AVAILABLE DATA
# # # # #

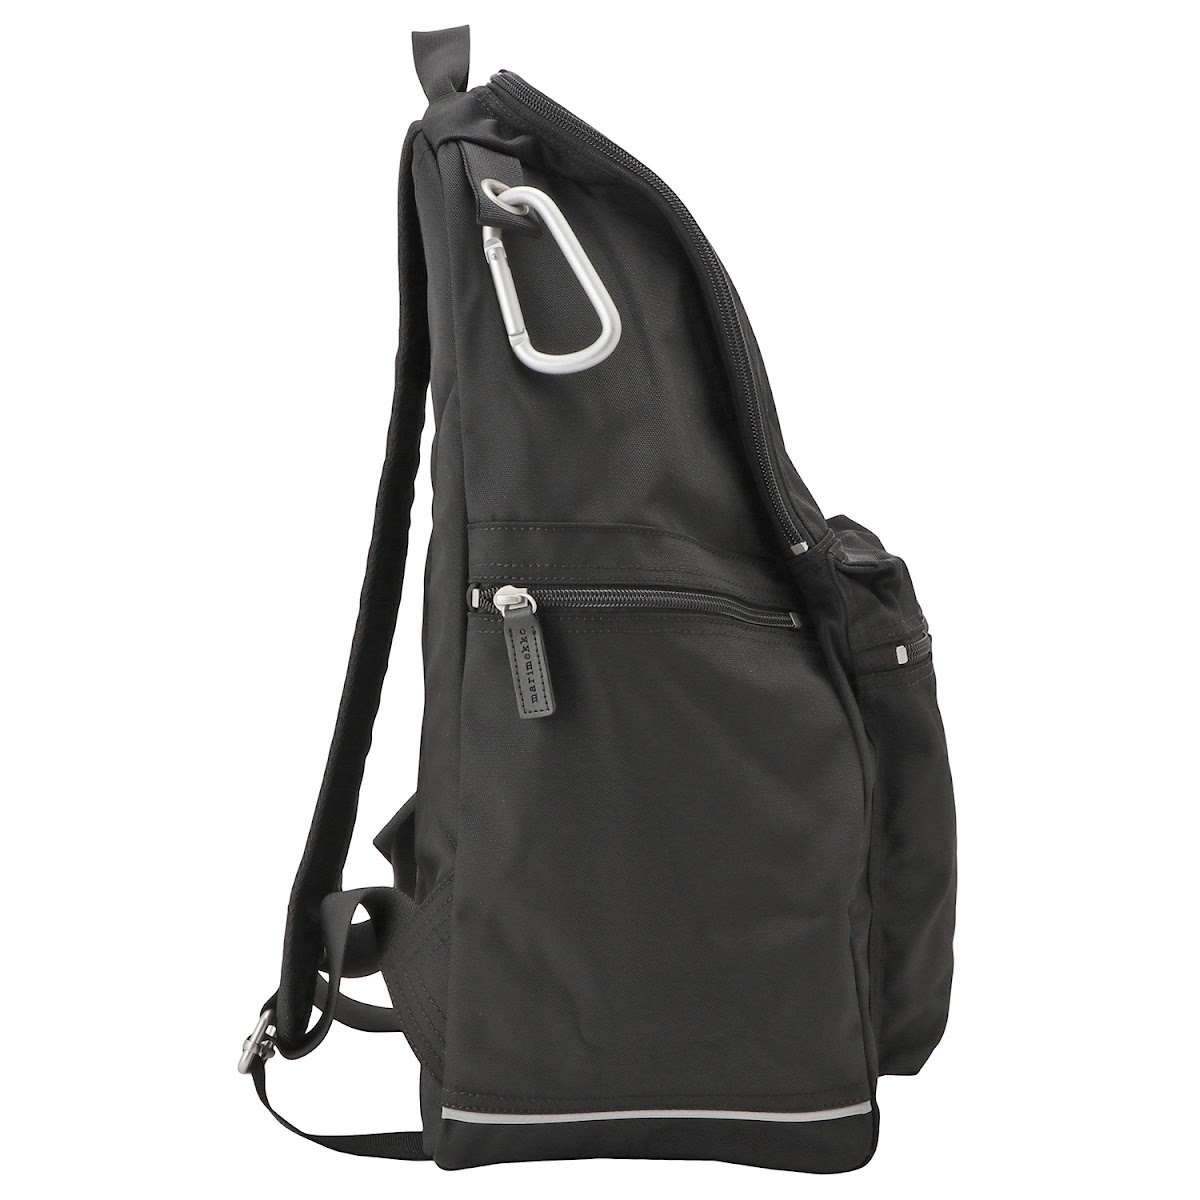 マリメッコ marimekko 026994 999 バディ バックパック リュックサック ブラック レディース メンズ ユニセックス Buddy backpack
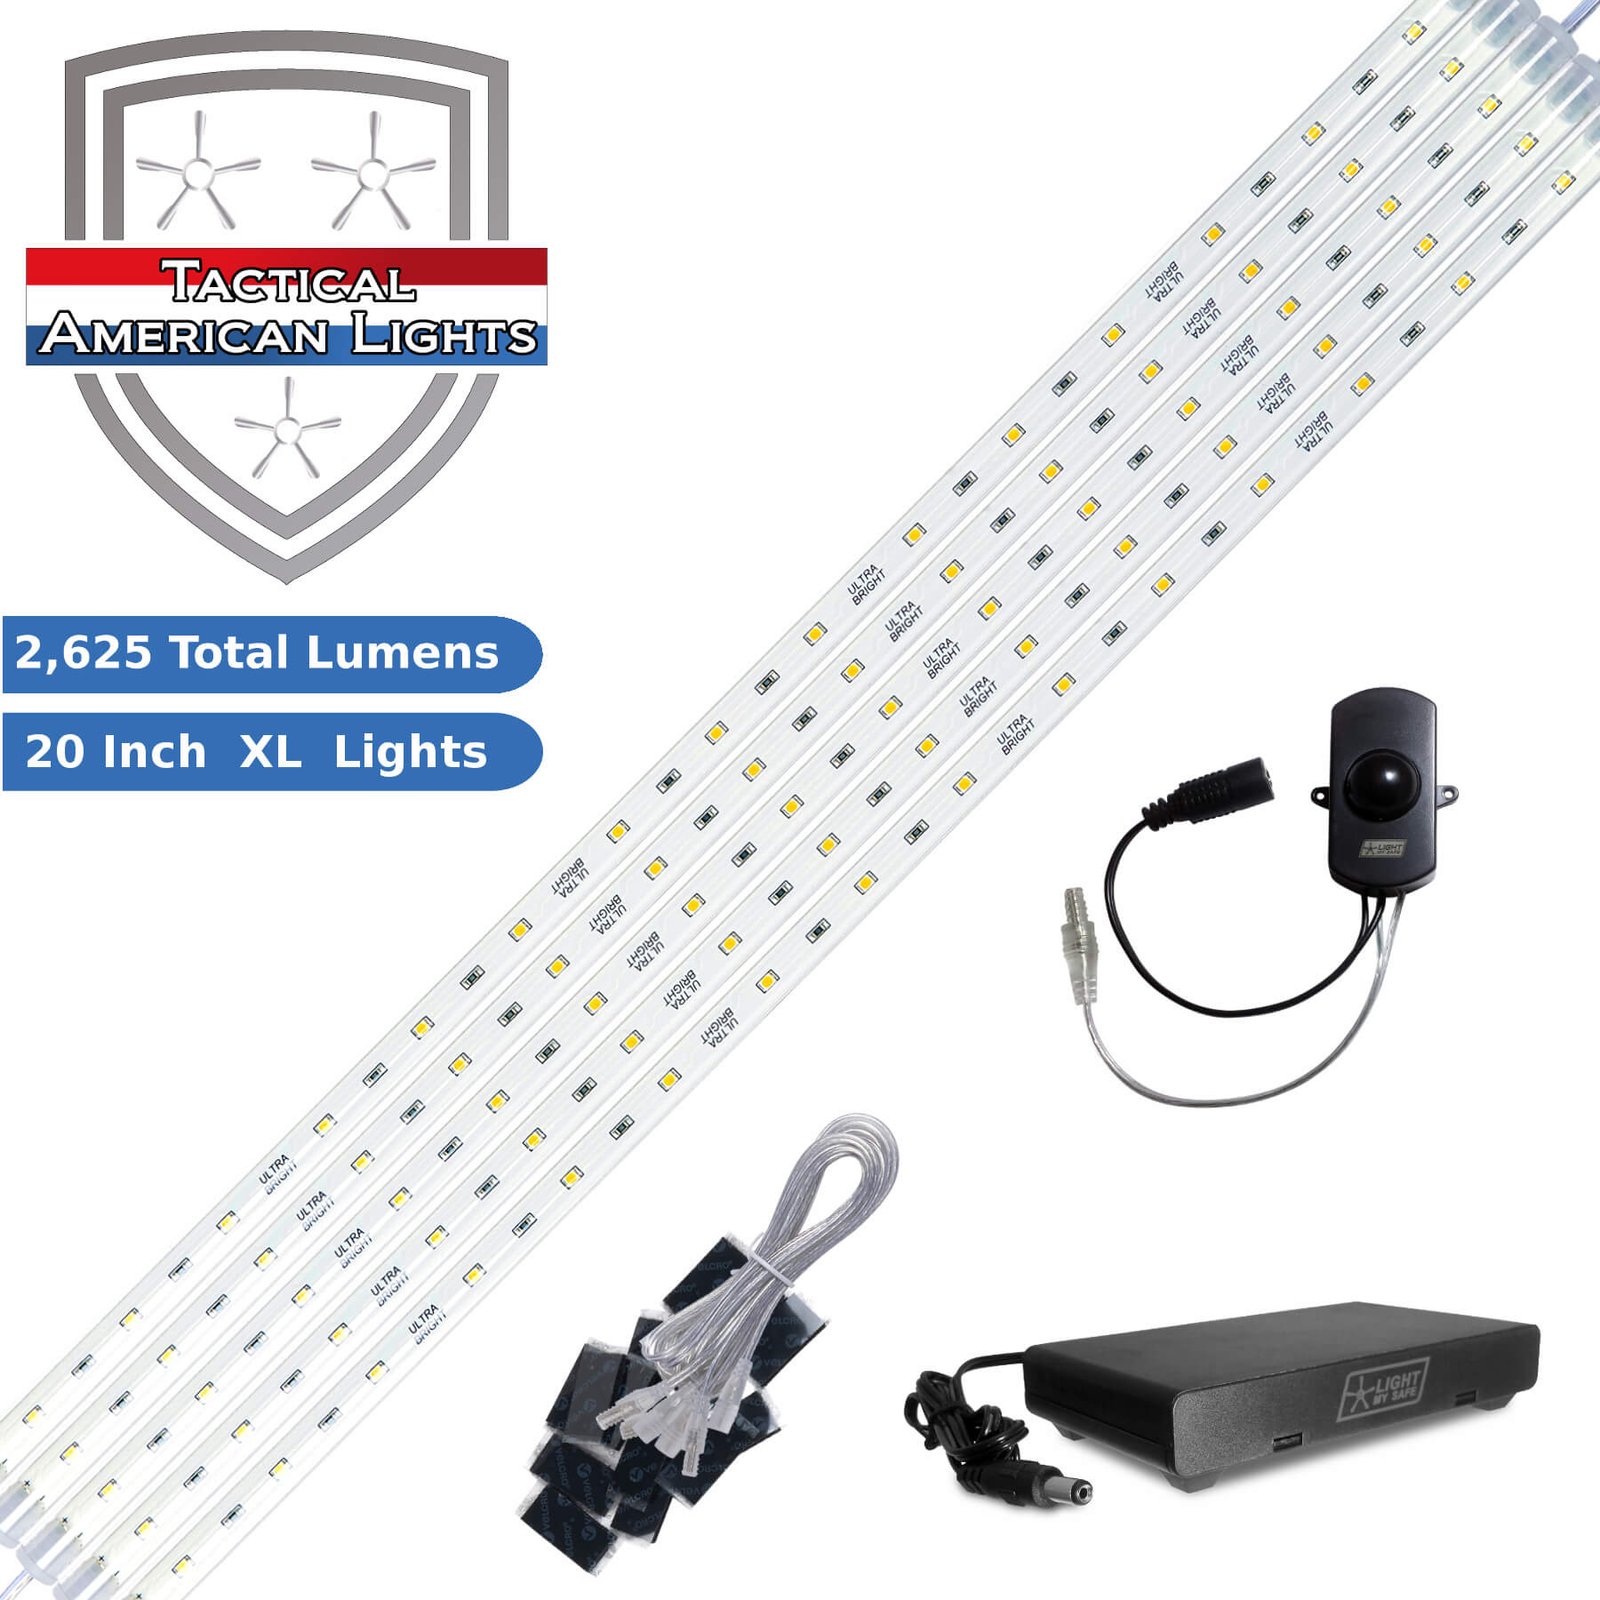 TAC-2625 Vault Lighting Kit for Any Gun Safe
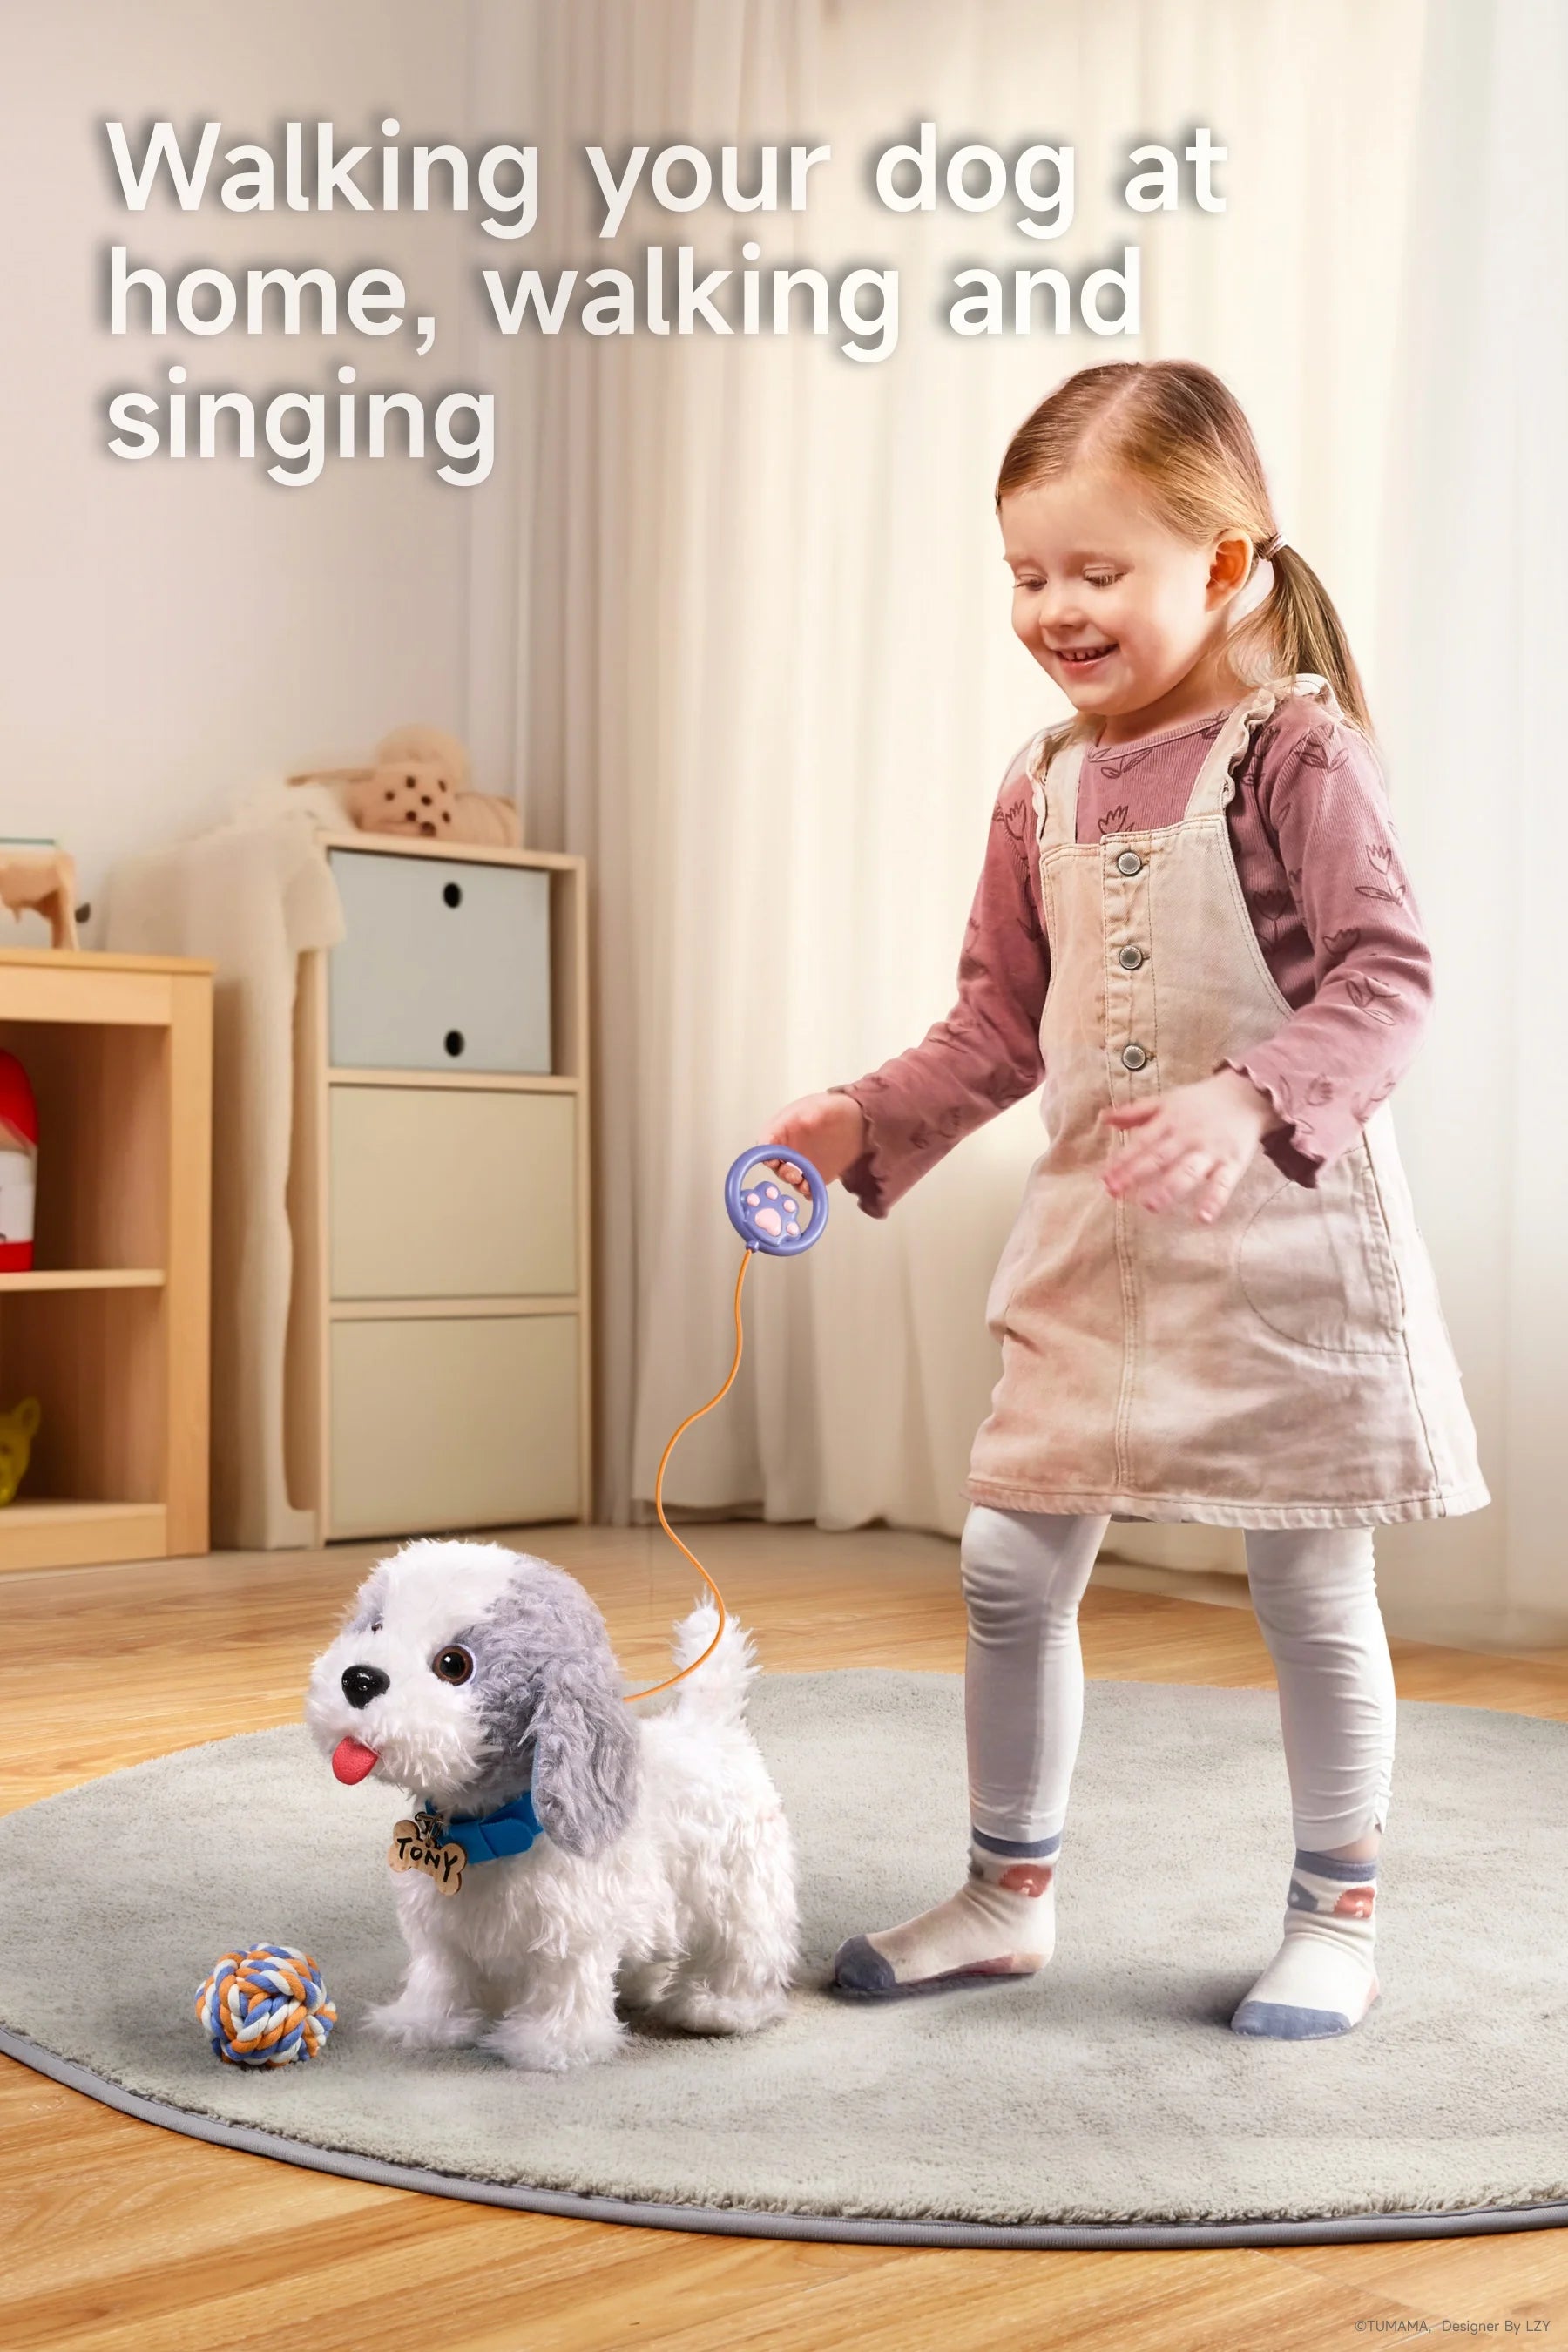 Realistic dog toy set featuring walking barking singing licking

# # # # #

Each line above must be repeated exactly in the answer, with pictures omitted.

 マリメッコ marimekko 026994 999 バディ バックパック リュックサック ブラック レディース メンズ ユニセックス Buddy backpack
 TAC-2625 Vault Lighting Kit for Any Gun Safe
 Realistic dog toy set featuring walking barking singing licking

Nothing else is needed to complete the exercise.